Effect of pulsed laser action on hole-energy spectrum of $\mathrm{Ge}∕\mathrm{Si}$ self-assembled quantum dots

Space-charge spectroscopy has been used to study the hole energy spectrum of an array of Ge quantum dots (QD’s) coherently embedded in a Si matrix and subjected to a ruby laser $(\lambda =694\mathrm{nm})$ nanosecond irradiation ex situ. The laser energy density in a single pulse was near the melting threshold of the Si surface. The number of laser pulses was varied from 1 to 10, and the duration of each pulse was $80\mathrm{ns}$. From the capacitance-voltage characteristics, temperature- and frequency-dependent admittance measurements, the energies of holes confined in Ge QD’s were determined. The pulsed laser annealing was found to result in a deepening of the hole energy level relative to the bulk Si valence band edge and in a decrease of the hole energy dispersion. After the treatment with ten laser pulses, the spread of the hole energies due to varying sizes of the QD’s within the ensemble was reduced by a factor of about 2. The obtained results give evidence for a substantial reduction of the QD’s size dispersion and for a narrowing distribution of the hole energy levels stimulated by nanosecond laser irradiation. A possible explanation of the improved uniformity of QD’s sizes involves dissolving small size Ge QD’s in a Si matrix by pulsed laser melting of the Ge nanoclusters and their subsequent intermixing with surrounding solid Si.

Figure 1

The valence band profile of a Si Schottky diode with a layer of Ge quantum dots.

Figure 2

Raman spectra of Ge QD samples before and after pulsed laser annealing.

Figure 3

Capacitance-voltage characteristics measured at modulation frequency of $100\mathrm{kHz}$ for the reference and dot samples before and after pulsed laser processing.
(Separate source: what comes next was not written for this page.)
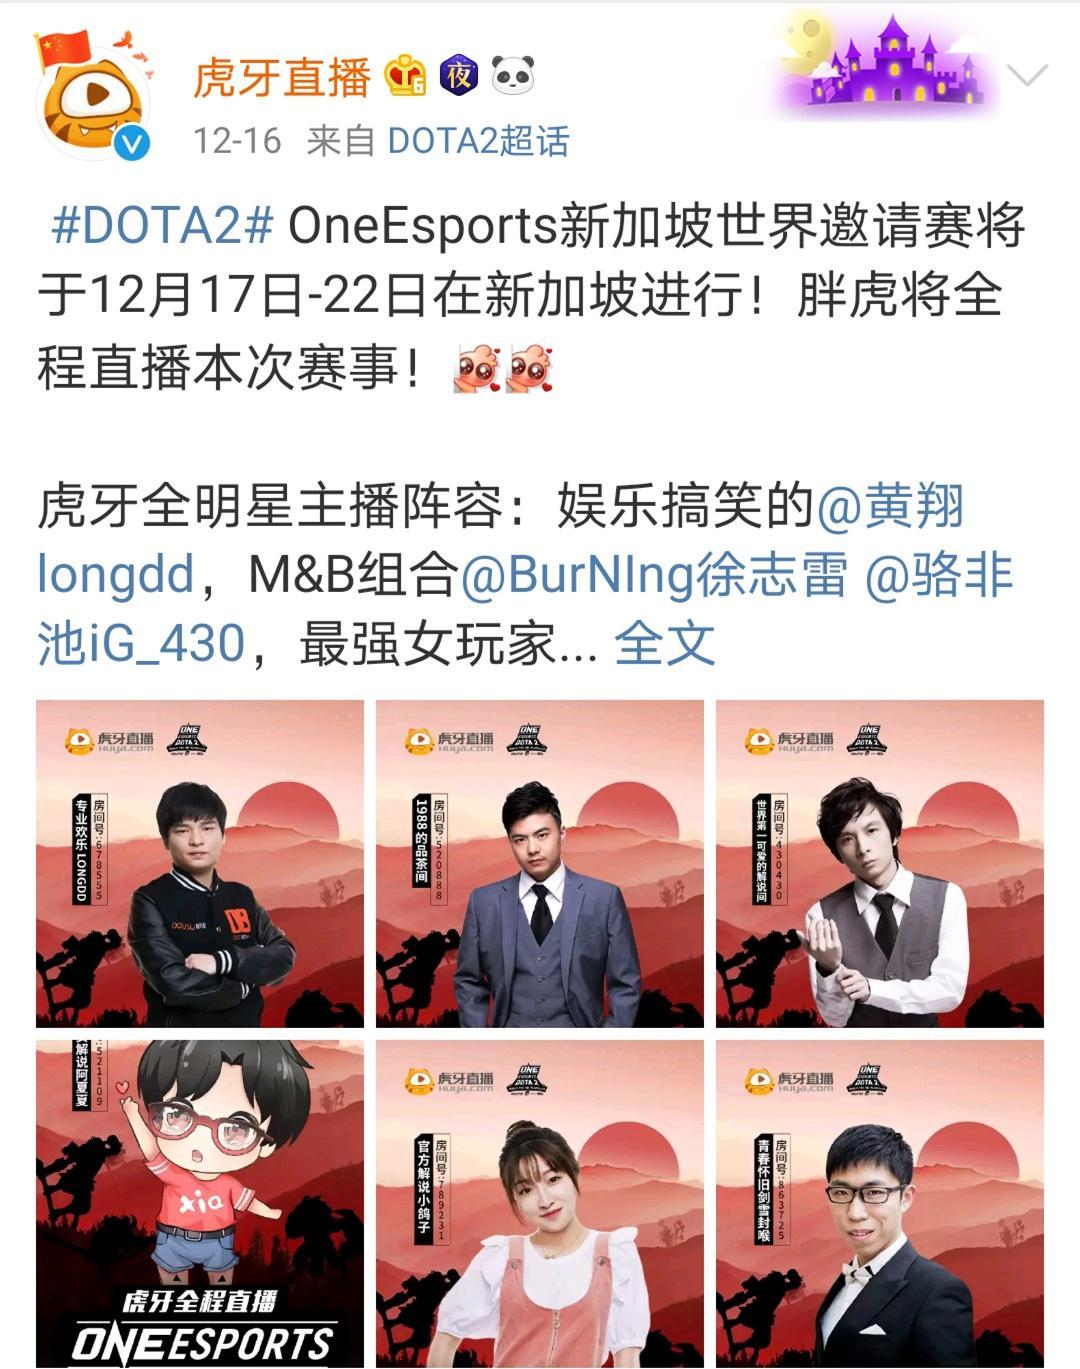 Dota2新加坡世界赛开启,虎牙龙神B神加盟解说,CN军团必胜

Experimental data are shown by symbols and model simulations by solid lines.

Figure 4

Temperature dependencies of the conductance measured at a bias voltage of $2\mathrm{V}$ and modulation frequency of $100\mathrm{kHz}$ for the reference and dot samples before and after pulsed laser treatment.

Figure 5

Contour plots of (a) temperature-frequency and (b) temperature-bias conductance mapping for as-grown dot sample.

Figure 6

The Arrhenius plots of the hole emission rate obtained from $G\text{--}T$ spectra with different bias voltages for the as-grown sample.

Figure 7

Bias dependent activation energies of hole emission rate before and after pulsed laser processing.